В ответ на мимику Калуги я пожал плечами, давая понять, что не знаю, чем объяснить такое обидное равнодушие ко мне наших крылатых друзей, после чего показал на ангар. Сделал вид, будто рулю, попятился. Пришлось разыграть целое представление, но, в конце концов, они поняли: я хочу выехать из ангара, развернуться и задом вломиться в стену дома. Та хлипкая, проломить будет легко. Главное, чтобы их не завалило крышей, но это уже как повезет. К тому же она должна будет упереться в крытый кузов, когда обвалится стена. Осталось убедиться, что сзади в фургоне есть дверь, через которую запершаяся в доме троица сможет заскочить внутрь машины. Краевцы, в принципе, должны были это знать, но жестами мне не удалось добиться от них ответа, то есть они просто не поняли, о чем я спрашиваю, так что я сцепил руки, помахал ими над головой, показывая, что все путем и я вернусь, и отправился к ангару. Троица смотрела мне вслед из-за стекла, как несчастные детишки вслед уходящему на войну отцу.
По дороге пришлось раскидать и растащить в стороны несколько особо крупных железяк, чтобы не мешали ехать через двор. В ангаре было светло – солнечные лучи проникали через дыры в потолке. Неряшливый мужик этот Механик, плохо следит за хозяйством… в смысле – следил. Теперь-то он стал грудой неаппетитных кусков, похожих на розовые обмылки, валяющихся на полу вокруг стула. Почему вдруг пчелы на него напали? Почему прилетели сюда из Леса, с чего превратили тело краевца во временный улей? Я слышал, что эти твари иногда проделывают такое с людьми, хотя раньше не видел ни разу.

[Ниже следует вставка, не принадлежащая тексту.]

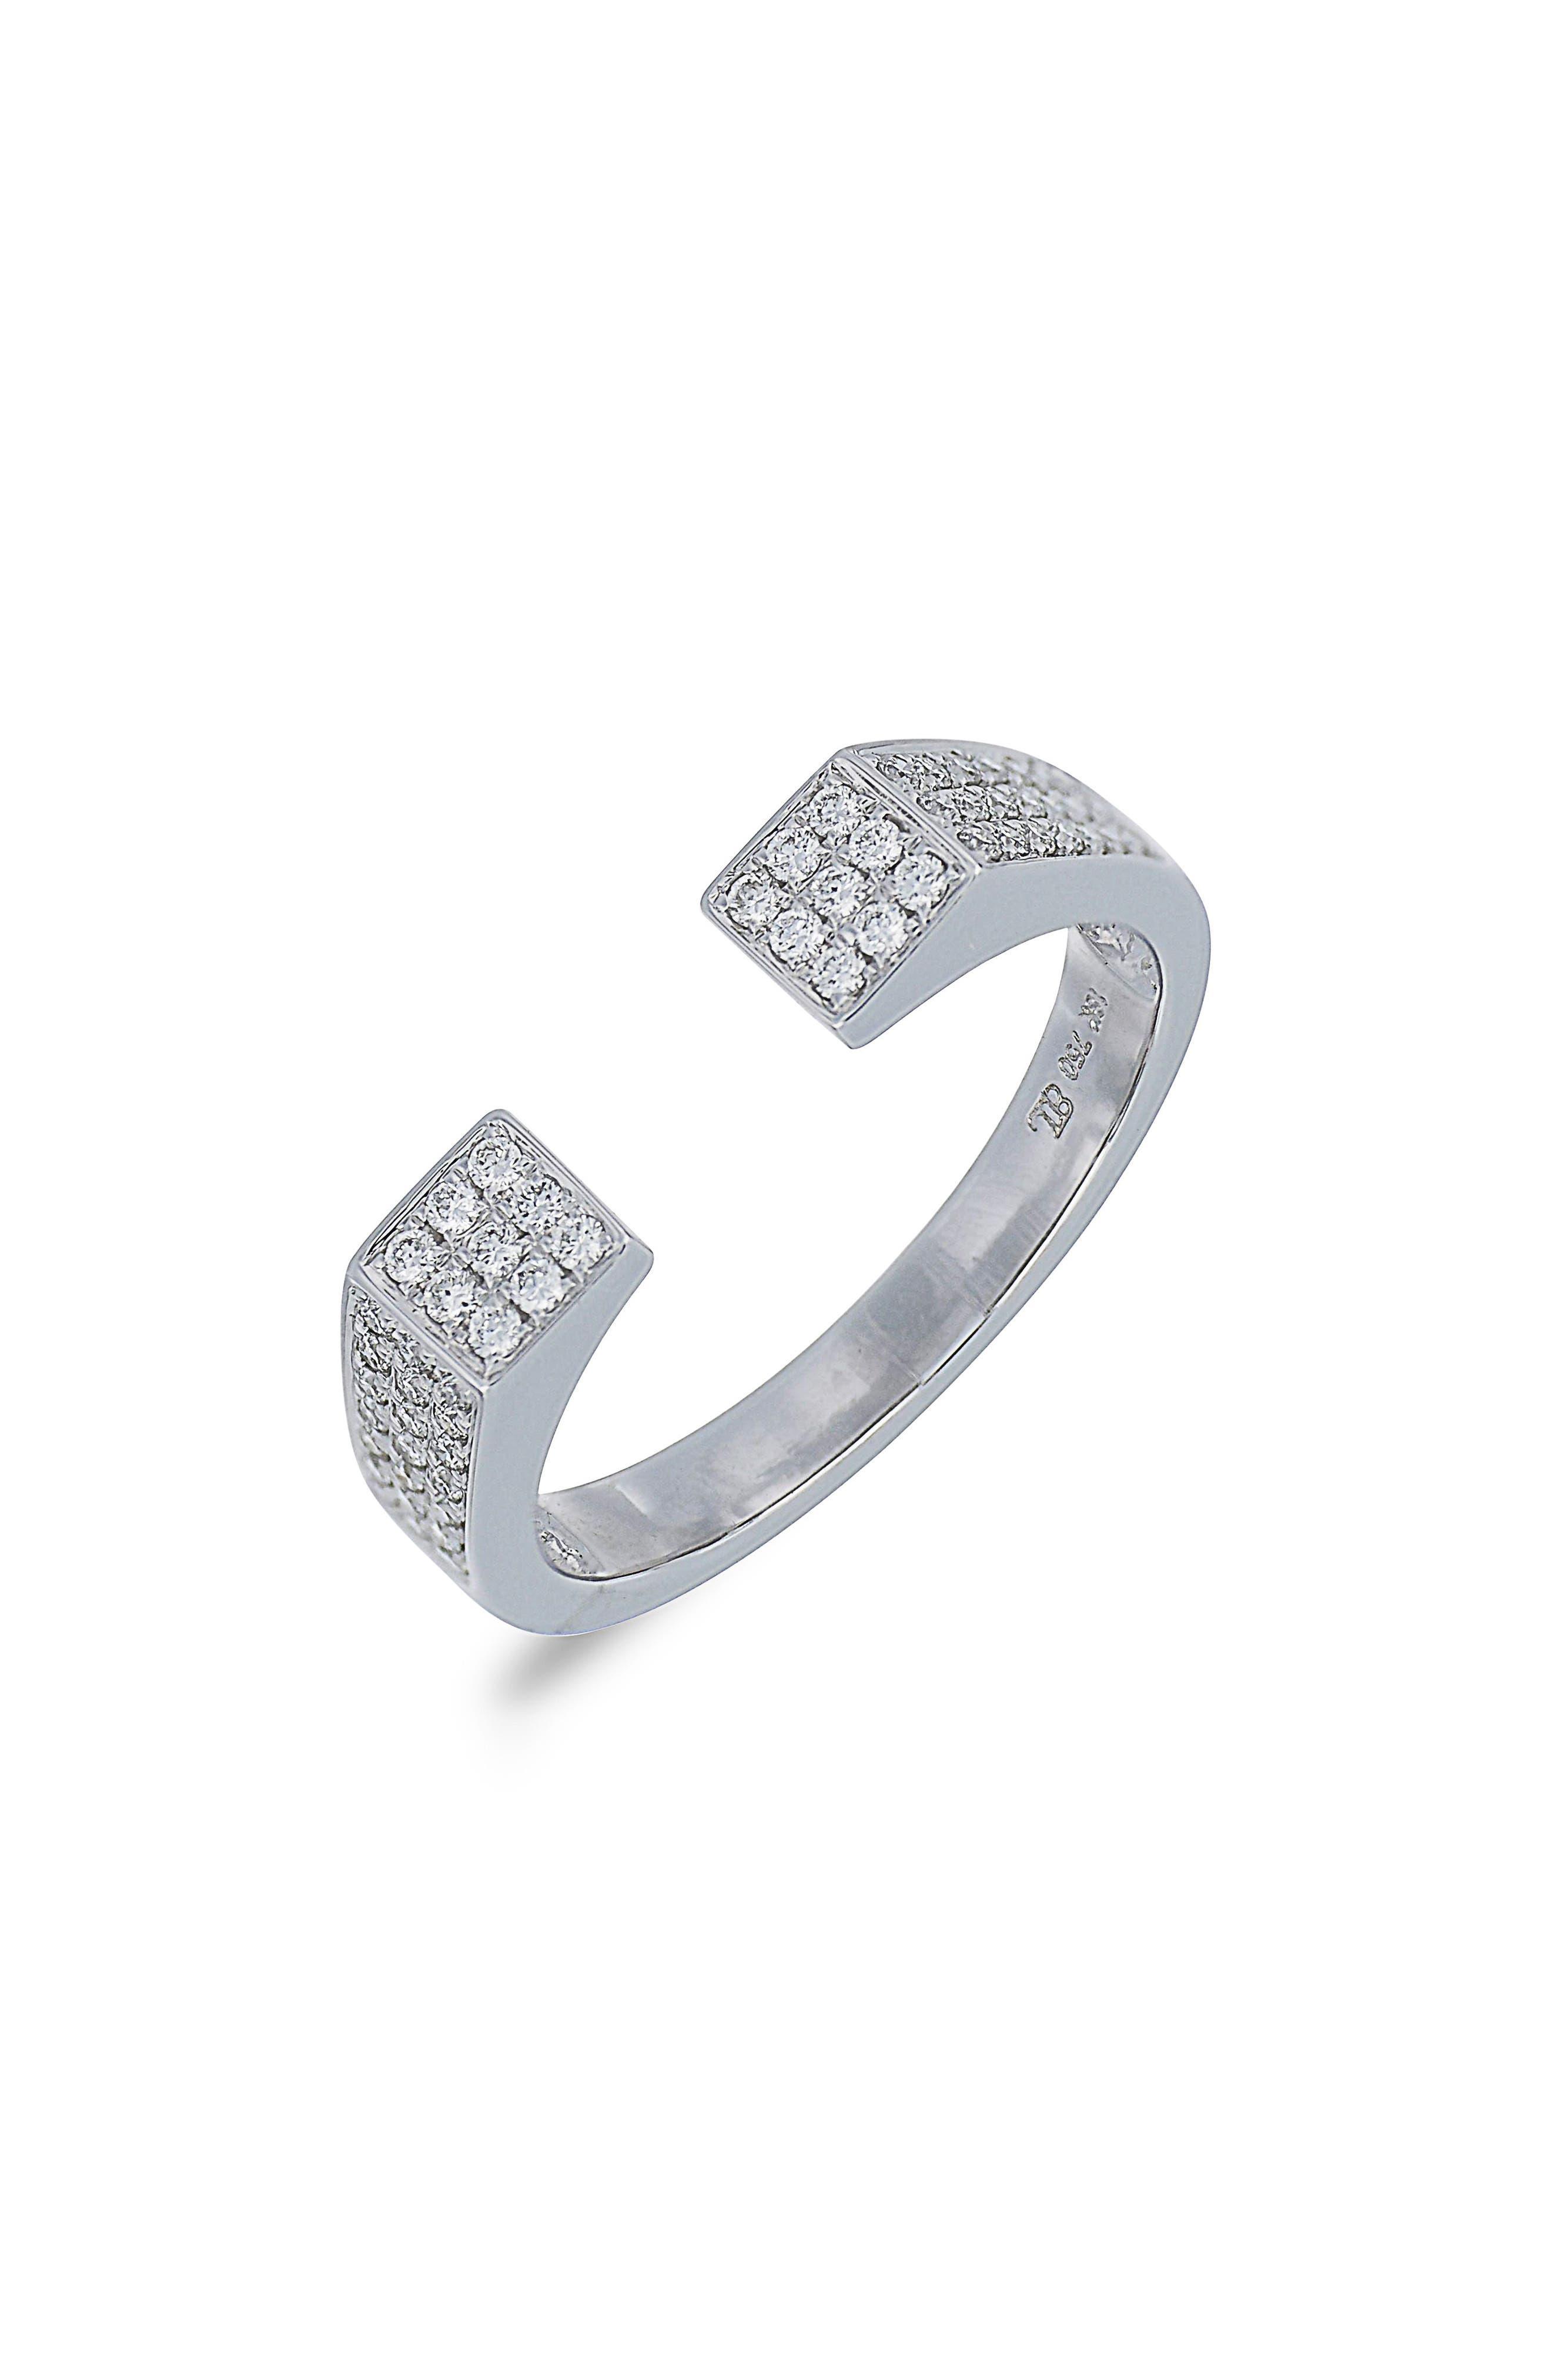 Openwork Diamond Ring,                         Main,                         color, White Gold

Обошел грузовик и позади него остановился, схватившись за «Карбайн», хотя в этой ситуации толку от него не было никакого. Так вот откуда пчелы! Ну и картина!
Передо мной, проломив заднюю часть ангара, росло дерево-мутант. Сильно искривленное, оно напоминало человека, который припал к стене и сквозь дыру выставил наружу голову. Головой в данном случае была крона, ствол круто изгибался почти над самой землей, наискось выходя в пролом. Корни – как пальцы, вцепившиеся в пол ангара, продавившие его и ушедшие в землю под ним. На стволе висело несколько серых коконов, большинство небольшие, но парочка размером с бочонок. Я не увидел отверстий, зато, когда осторожно подошел ближе, услышал приглушенный равномерный гул. Там внутри – пчелы. Только почему-то пока закупоренные. А вон между корней валяется отсохший кокон, из которого вылетел рой, атаковавший Механика. В осколках, напоминающих куски потемневшей скорлупы огромного яйца, видно множество круглых дырочек, как в сите. То есть когда внутри кокона завершается какой-то неведомый процесс, обитатели пробуравливают эти дыры и устремляются наружу, а еще чуть позже засохший кокон сам собой отпадает от ствола?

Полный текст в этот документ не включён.